What does a blogger do when she’s feeling frustrated, stretched, and simultaneously directionless?
She pulls out all the posts she’s started and dumps them into a single post.

1. At the end of the school year, I took my four plus the two from carpool to the library. Their mother said they could bring home as many books as they could carry. I had to giggle (inwardly, of course) when I saw the way they struggled with the stack of books. They took that directive very literally and went right to the edge.
2. The interstate bridge work that’s caused traffic nightmares for our part of town is finally winding down. It’s been very interesting to watch, but I’m so glad all the entry points to the north are available as options again. We were getting epic lines at the 4-way stop.

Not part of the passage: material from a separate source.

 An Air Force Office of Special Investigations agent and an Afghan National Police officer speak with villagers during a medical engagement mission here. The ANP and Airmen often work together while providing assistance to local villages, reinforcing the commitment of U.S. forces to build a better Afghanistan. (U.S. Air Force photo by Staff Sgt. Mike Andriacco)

3. Does it bother anyone else that cards are being taken without PIN number or signature? I mean, how much time does it really take, and as overly freaked out about privacy as we are these days, why on earth are they doing away with layers of security?
4. Once, I thought I’d write a whole post about how different classical music evokes different food associations for me. But then I realized, if modern culture can only handle classical music as a blazing billboard advertising: “BAD GUY! BAD GUY!”, then who would read such a post? Still, I’ll say this much: Rachmaninov Vespers is like butter cake, so rich you feel your arteries clogging up. Glorious, so glorious that I can only listen to it in small doses because it feels as if I’m going to turn into a Marvel movie CG and shatter into shining pieces of light. This April I played in the orchestra that accompanied the university choirs. We did Symphony of Psalms and Alexander Nevsky, but the concert began with an a cappella selection from the Vespers, and when they sang it at dress rehearsal I fell to pieces, right there in the front row of the orchestra. Being in the middle of that sound was an overload to the emotional circuitry. It was amazing.

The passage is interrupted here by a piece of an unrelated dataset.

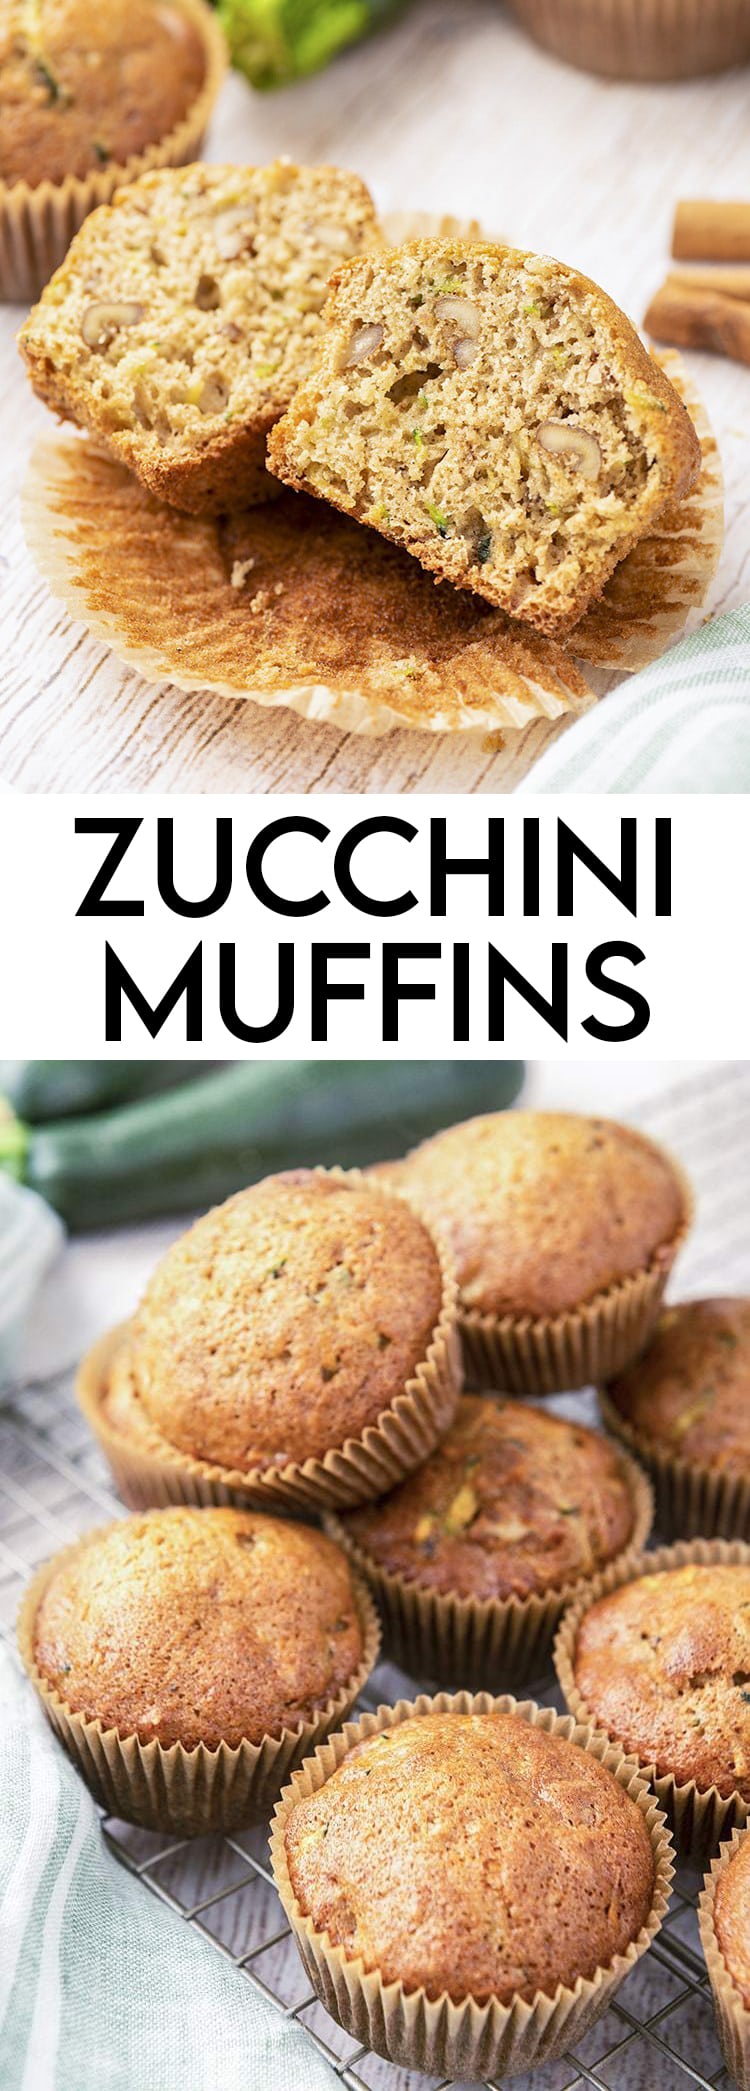 A collage of two photos of zucchini muffins. The first photo is a muffin cut in half. The second is a pile of zucchini muffins.

Why don’t I just stop there and leave you with a glorious shadow of that experience? It’s less than three minutes. Come on. You can let this play for three minutes in the background while you check Facebook and Twitter.

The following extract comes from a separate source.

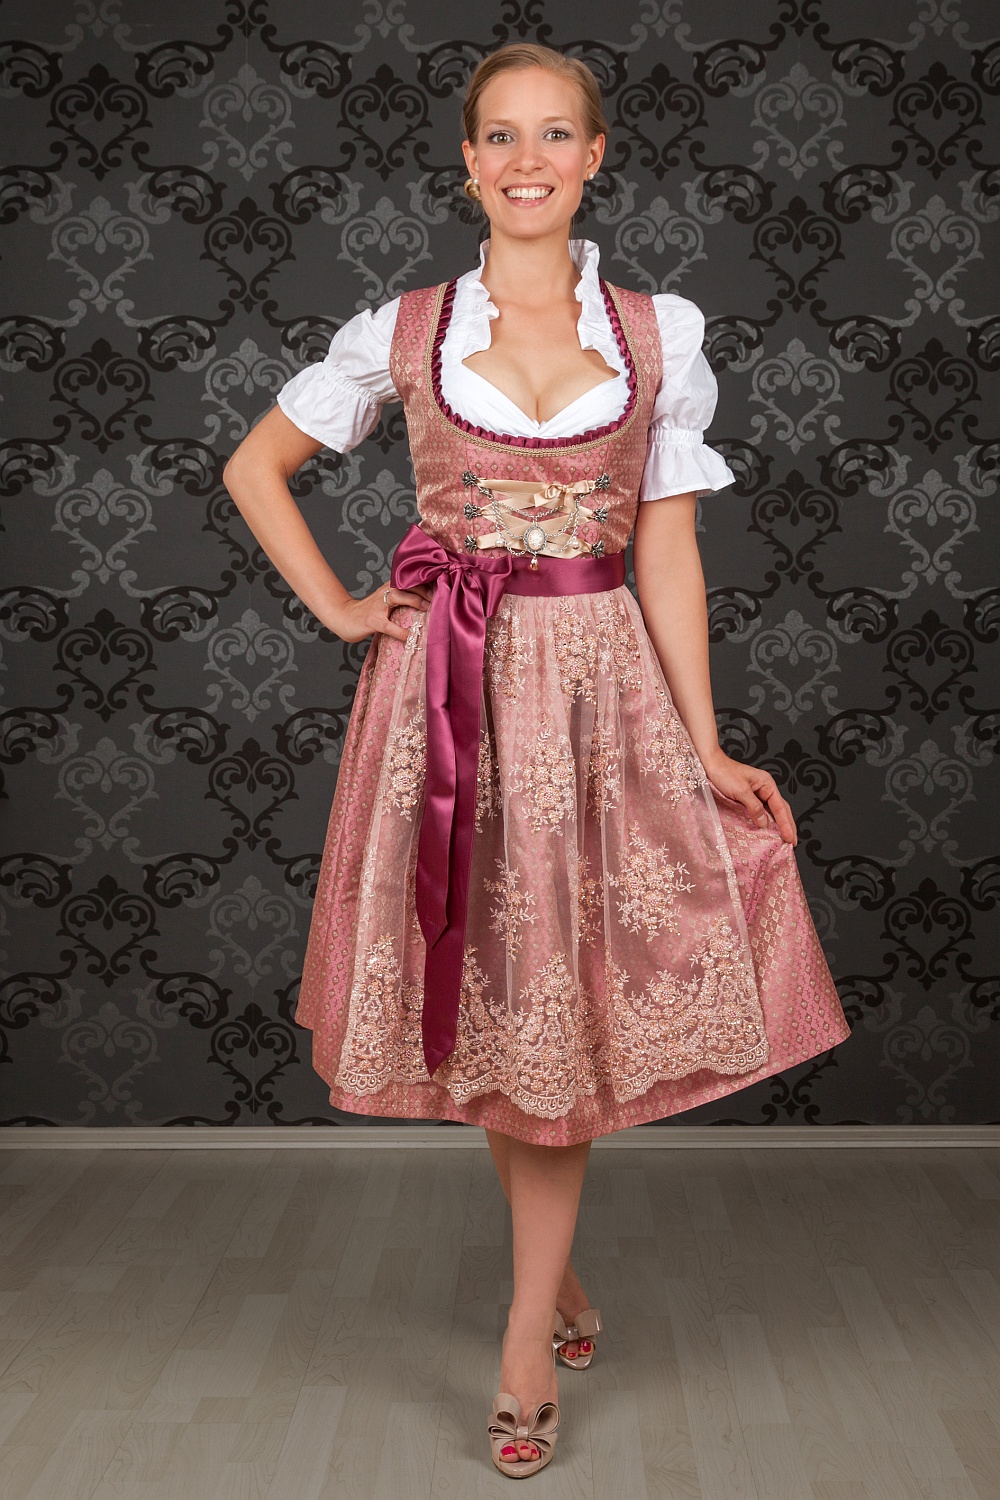 Made in Germany Dirndl Victoria

Loved your books at the library comment. Brought back memories of when I was a kid and took out about 30 books one weekend on my card. I didn’t get to take all of them home. My dad made me return 25 of them immediately and let me take 5 home. I think that made me hungry for books because I have enough now to stock a small lending library of my own now- and its still not enough. I will be replacing some well loved but worn volumes this week and keeping up with some new favorite series.
Our main problem is that the kids lose them. We’ve instituted a 3-book checkout limit this summer after Thing 2, I mean Michael, left a Batman/Joker book in the tree house at my parents’ house and it got rained on. We can’t afford to replace all these books!